→ **WHAT YOU NEED TO DO**:
Only one stretch of lines is wanted: the line with "Virtuelle Zukunftsakademie Screenshot" through the final line of the material. Restate it word for word, minus pictures.

BEGIN DATA SECTION

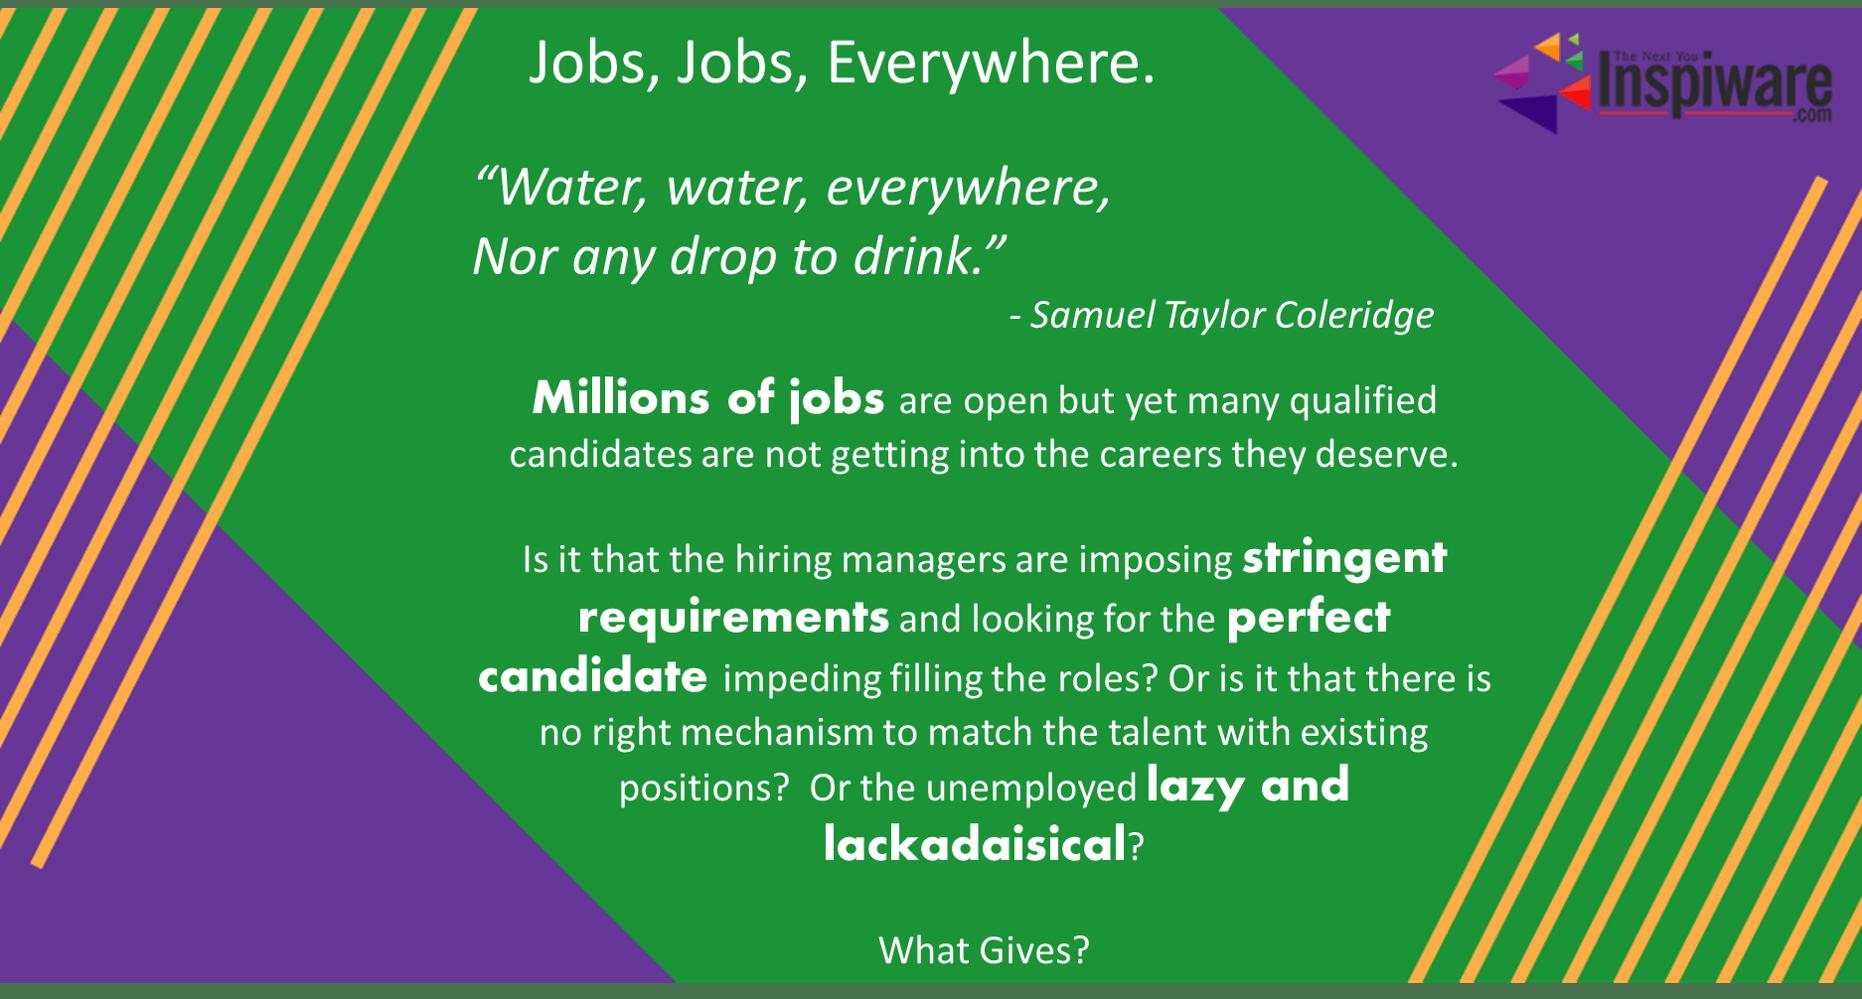 Jobs Jobs Everywhere
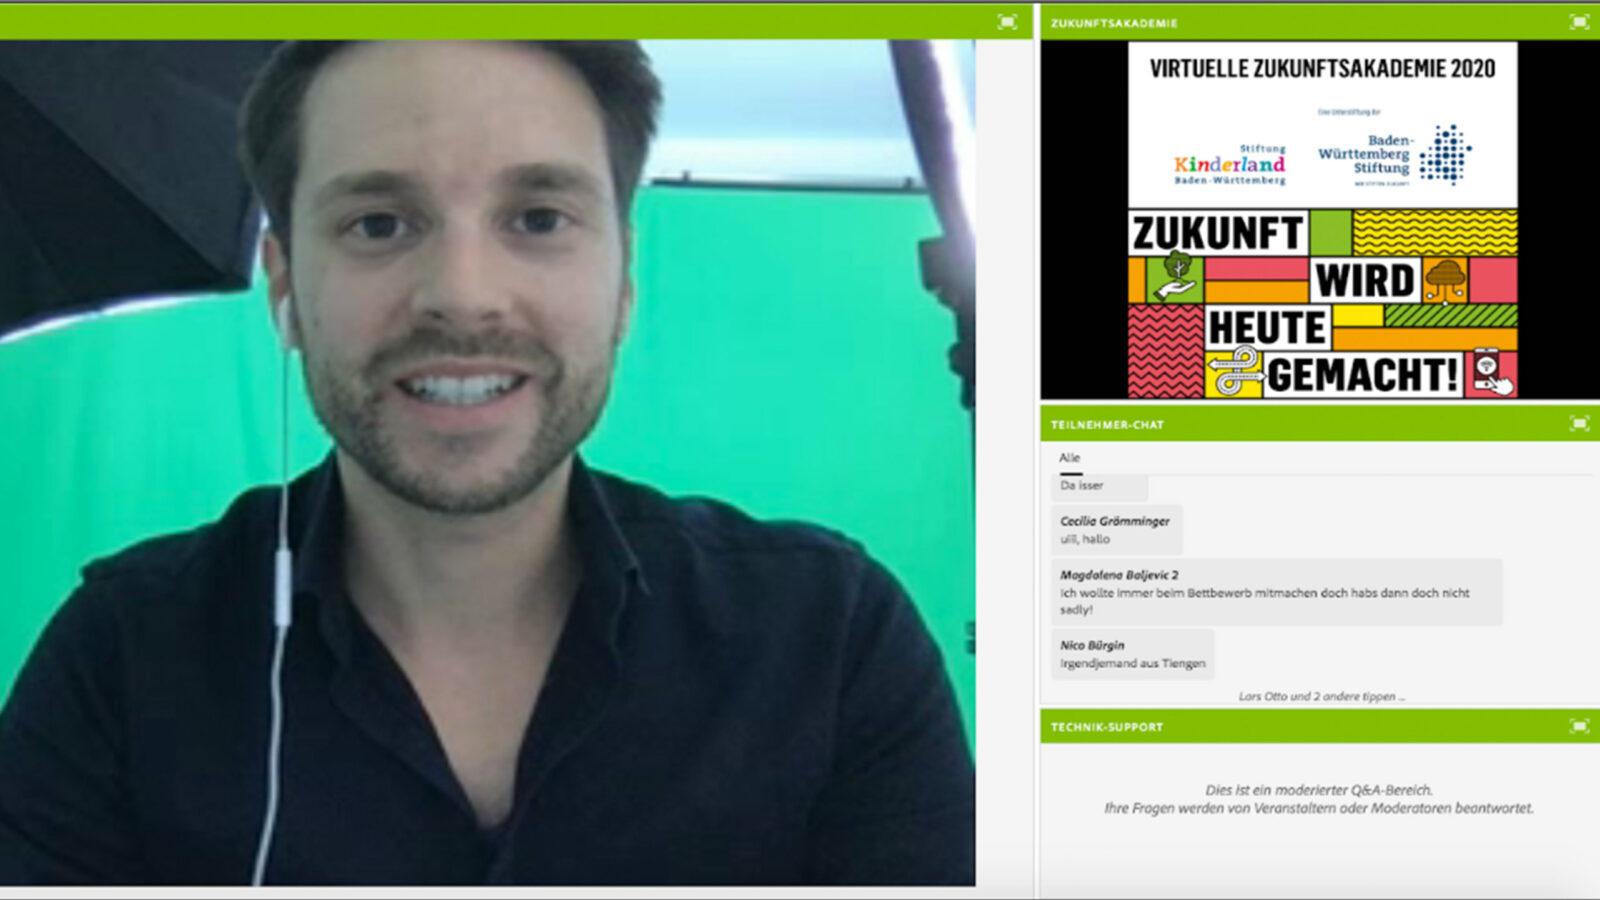 Virtuelle Zukunftsakademie Screenshot
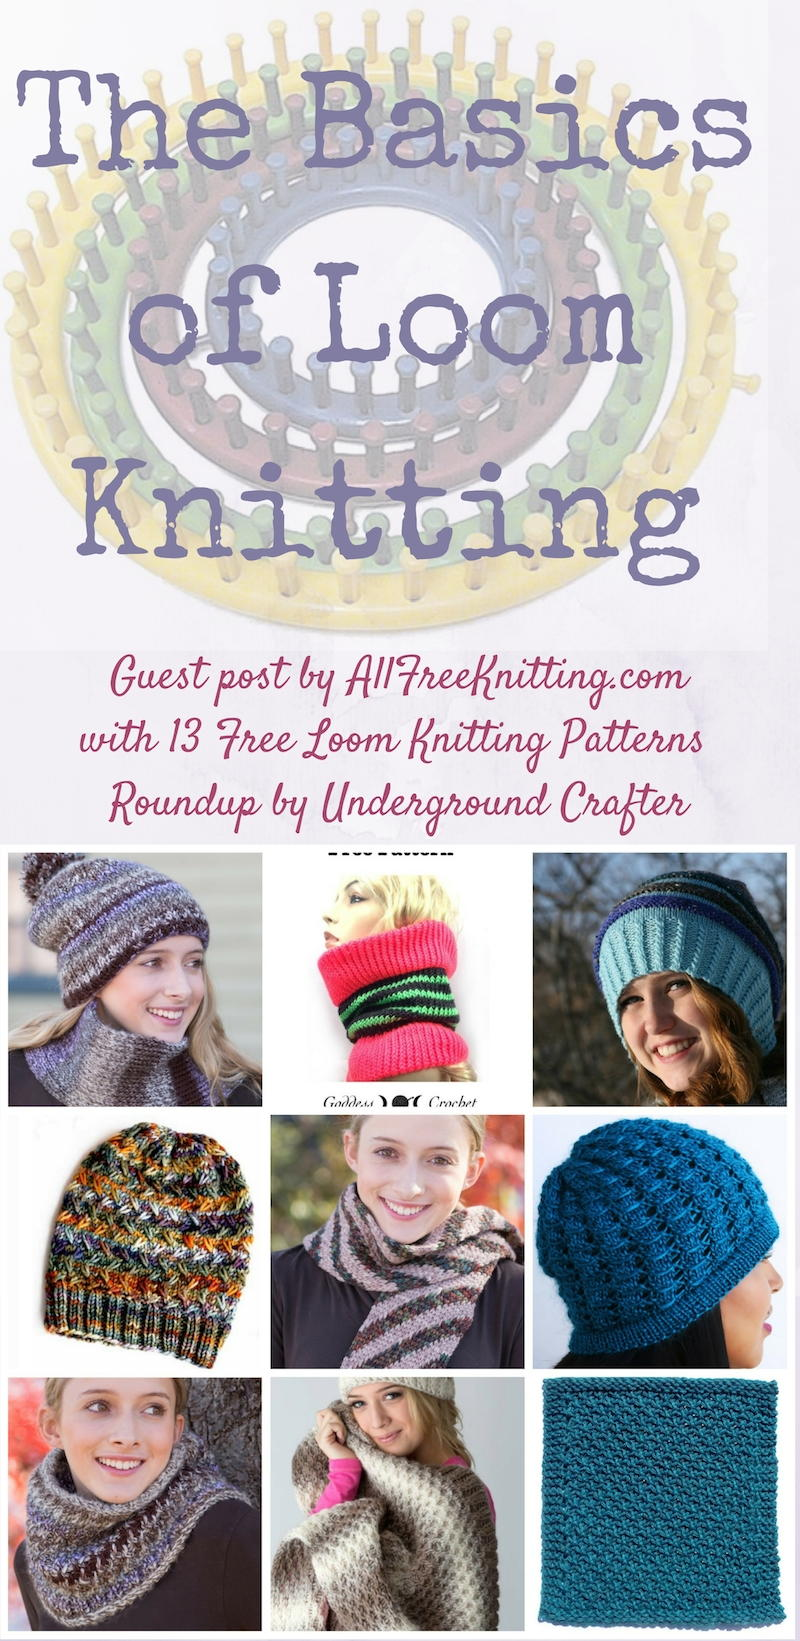 Basics Of Loom Knitting With 13 Free Loom Knitting Patterns

END DATA SECTION

→ **EXERCISE OUTPUT**:
 Virtuelle Zukunftsakademie Screenshot
 Basics Of Loom Knitting With 13 Free Loom Knitting Patterns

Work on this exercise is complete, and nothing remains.